The final day of the event is “pitch day” where each team will provide a short presentation. Coaches for the Dayton event include entrepreneur and business coach Tom Rubens; VP of UX at Kall Consulting, LLC and Security UX, Darren Kall; Owner of B2BPlanner Ltd., Business Coaching, Art Helmstetter and Ohio SBDC Director (District 4), Earl Gregorich.
Best became involved with Startup Weekend after attending an event in Columbus last November.
“I had a lot of fun, but what struck me the most about it was the sense of community,” Best said. “If you read any of the press about Silicon Valley or startup culture, you can come away with the impression it is aggressive, unfriendly and treacherous. That is not what you see at one of these events. These events are a bunch of talented people having fun and trying to do their best work. There is just as much cooperation, if not more, as competition.”
Best wanted to work and try to build the same type of community here in Dayton.
“When another attendee from Dayton approached me about getting something started here, I jumped at the opportunity,” he said.

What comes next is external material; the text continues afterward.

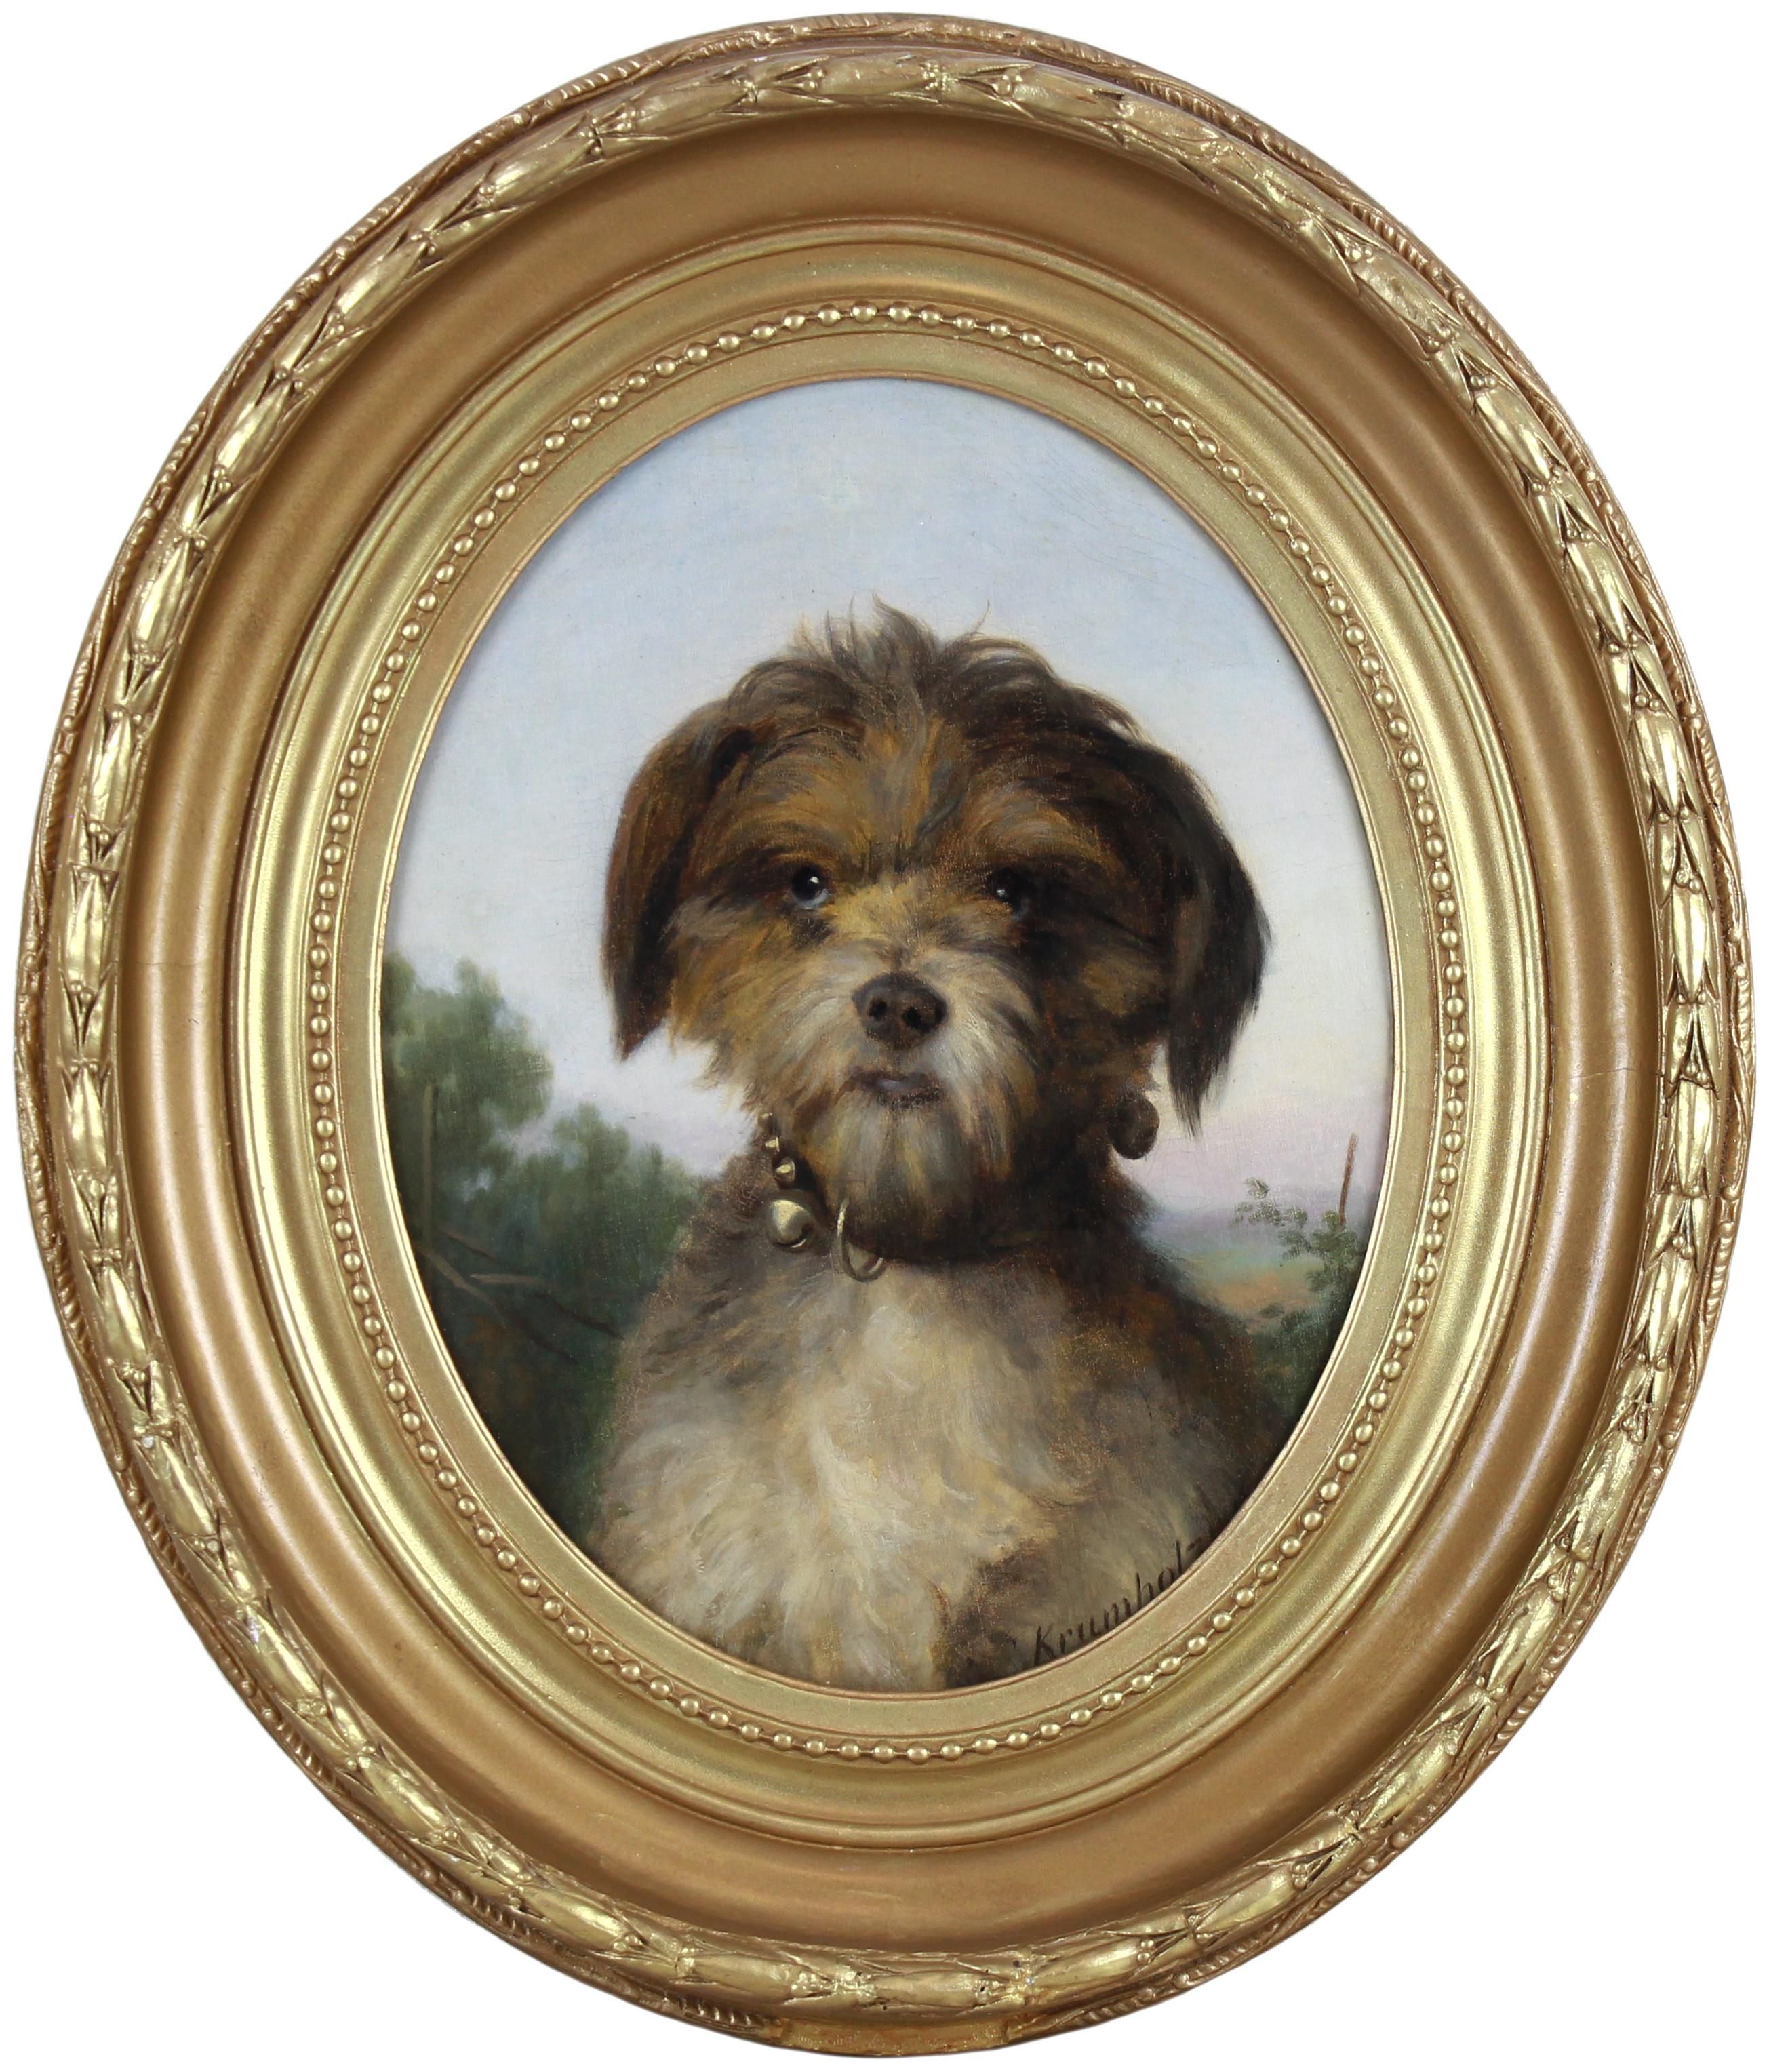 Ferdinand KRUMHOLZ (1810-1878) Animal Painting – Ölgemälde auf Leinwand, Porträt eines kleinen Hundes von Ferdinand Krumholz
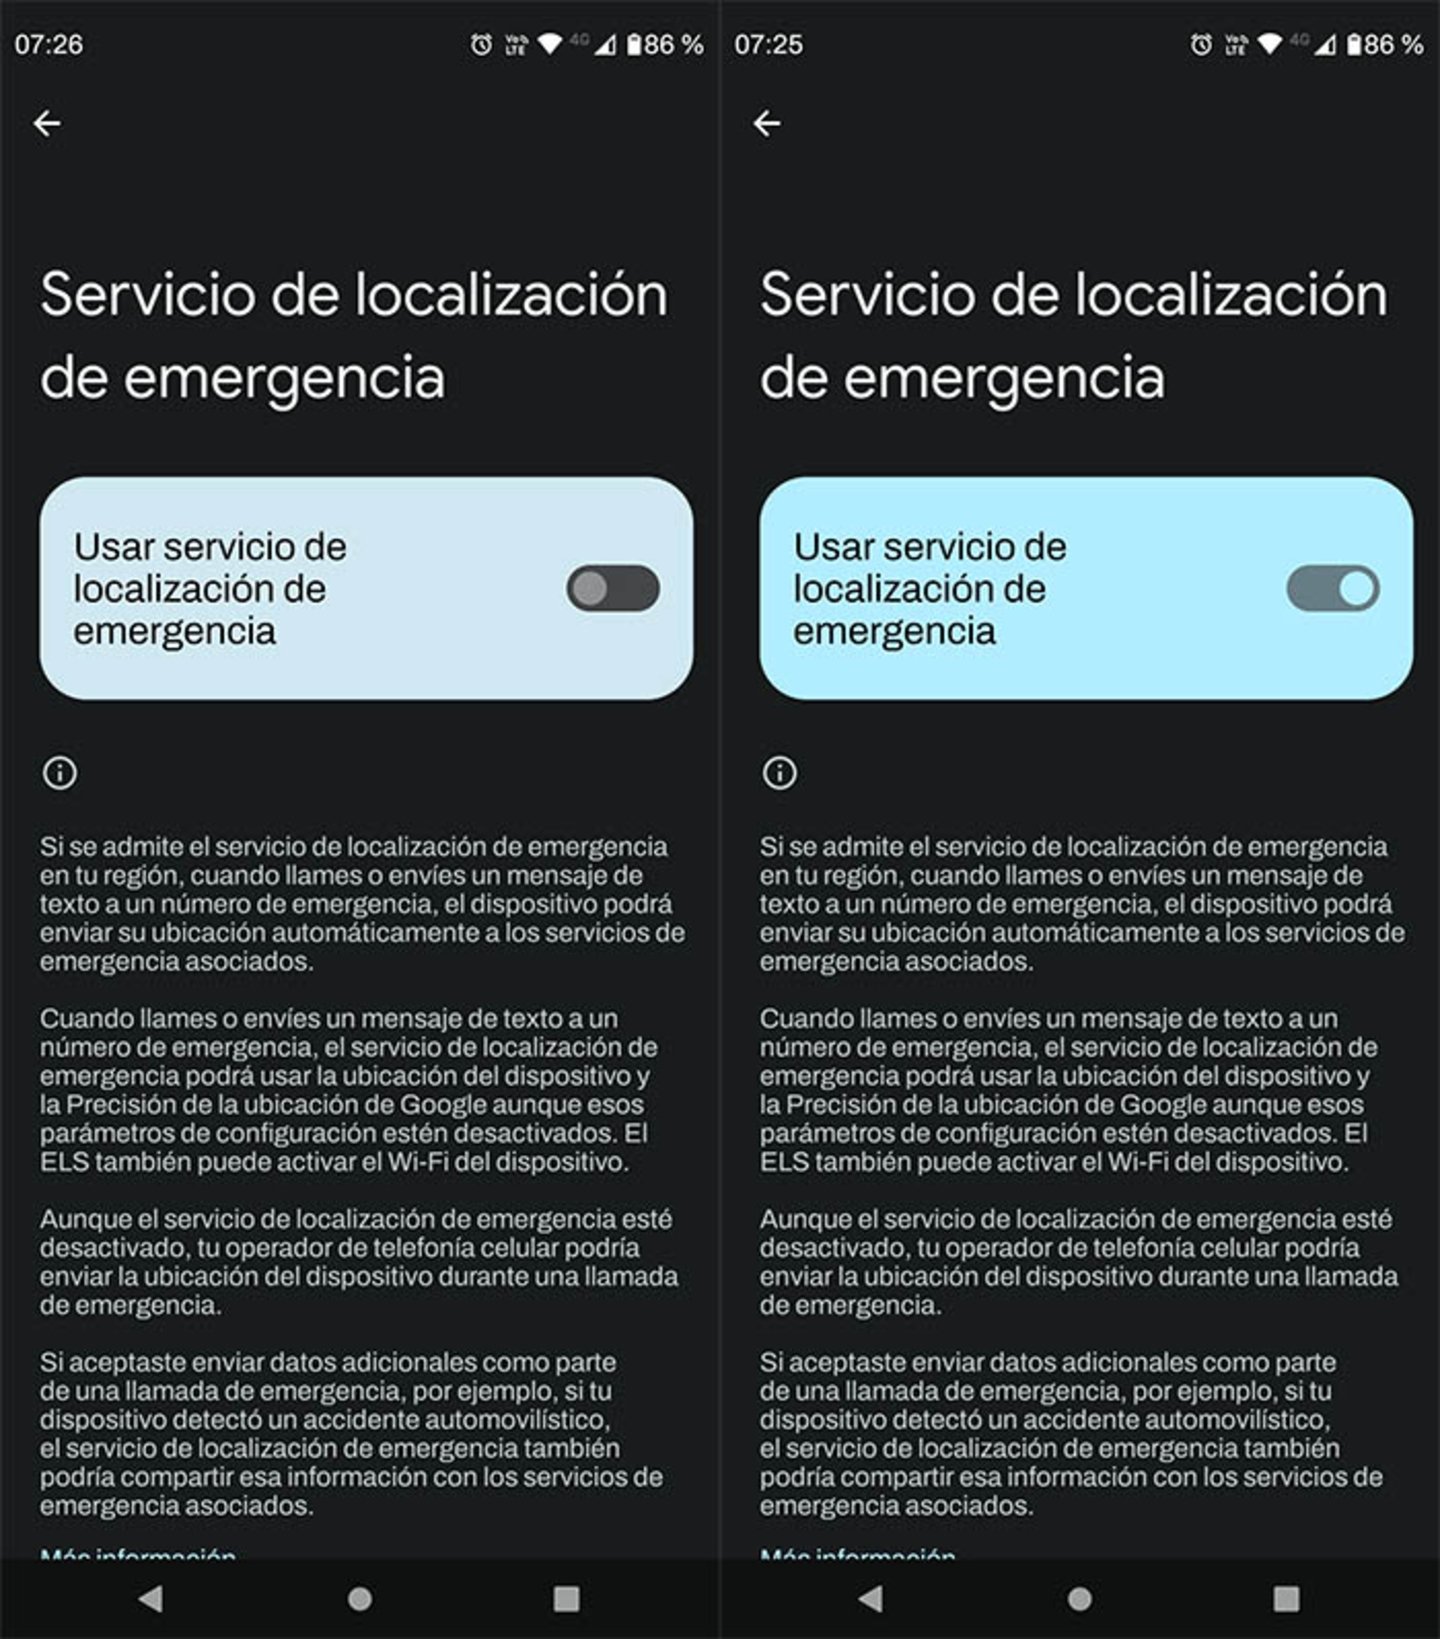 Servicios de localizació de emergencias

Startup Weekends around the globe have given birth to countless success stories. Zaarly, a discovery service for local service providers like house cleaning and lawn care, started in 2011 as a result of an event in Los Angeles. Calif. The group has raised more than $15 million and continues to expand. A recent Columbus Startup Weekend saw the founding of Heroes2U, which recently won a $10,000 prize at a business plan competition.
On their website, Heroes2U shared, “[We are] a social enterprise with the mission to give every person the chance to meet amazing people and have unforgettable conversations to uplift meaningful causes. Heroes2U was started in hopes that together, through the technology we use, at a price point everyone can afford, we can connect the next generation of givers to the people and causes they care about and raise millions for charity.” John Weiler and Jeremy Meizlish (ages 24 and 25, respectively) are the founders of Heroes2U.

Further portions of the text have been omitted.